A Rabbi, a Policeman and a Dog Walk Into a State Capitol...

No, this is NOT a joke.  You just can't make this stuff up.  Eric A. Stern, writing in The New York Times' Religion Journal column yesterday, told the story of how a rabbi with a long beard, black hat, and long black coat helped to solve a problem for the Police Department in Helena, the capital city of Montana.  

It seems that the Helena Police Department needed a dog trained to do searches for bombs, but didn't want to pay the going price of $20,000.  After shopping around, they found that Israel had a surplus of these trained dogs and was willing to give the dog to Montana for the price of a flight.  So that's how Miky (pronounced Mikey), a German shepherd, landed in Montana.  

But there was one problem.  Miky had been trained by Hebrew speaking handlers.  When he arrived in Helena, he wouldn't respond to commands in English.  The officer, who was given a list of Hebrew commands like "Hishaer" (stay) "Chapess" (search) and "Kelev Tov" (good doggy), suspected that his pronunciation was not good enough for the dog to understand.  

So the policeman and the dog showed up at the Capitol on the first night of Hanukkah last year.  When the candle lighting ceremony was over, the policeman approached the Hasidic rabbi, who helped him with his Hebrew pronunciations, and made himself available as needed to help the officer communicate with his security dog.

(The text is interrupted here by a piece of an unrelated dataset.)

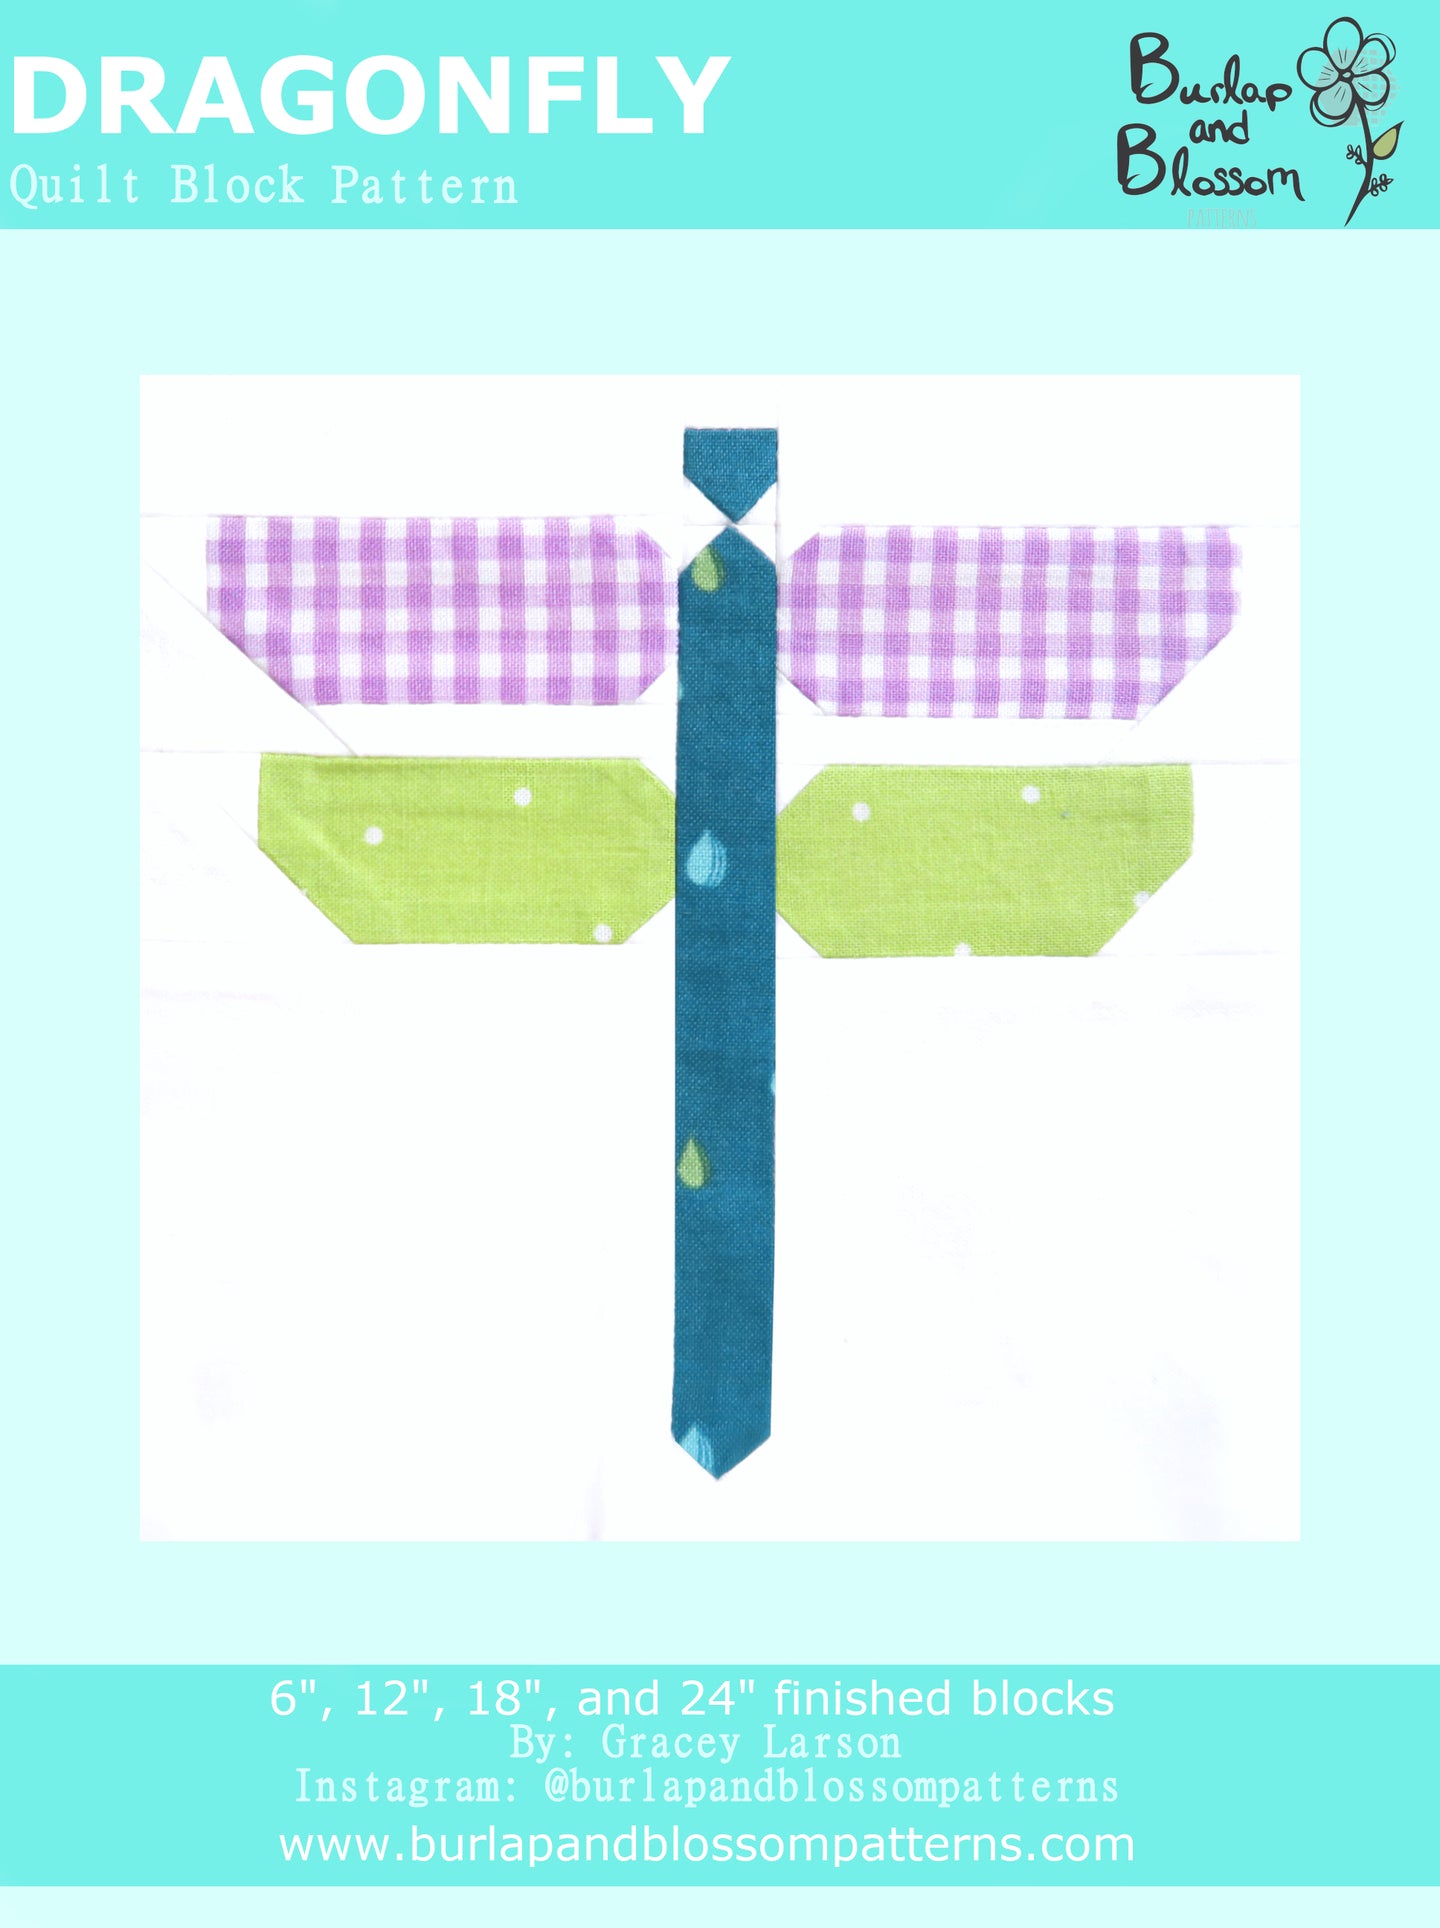 Pattern, Dragonfly Quilt Block by Burlap and Blossom (digital download)

The article relates interesting information about Jewish life in Montana, and how it is experiencing a minor revival.  The article concludes,
...the big winner is the rabbi, a recent arrival from Brooklyn who is working hard (against tough odds) to bring his Lubavitch movement to Montana.  He has been scouring the state for anyone who can speak Hebrew, and is elated to have found a German shepherd he can talk to.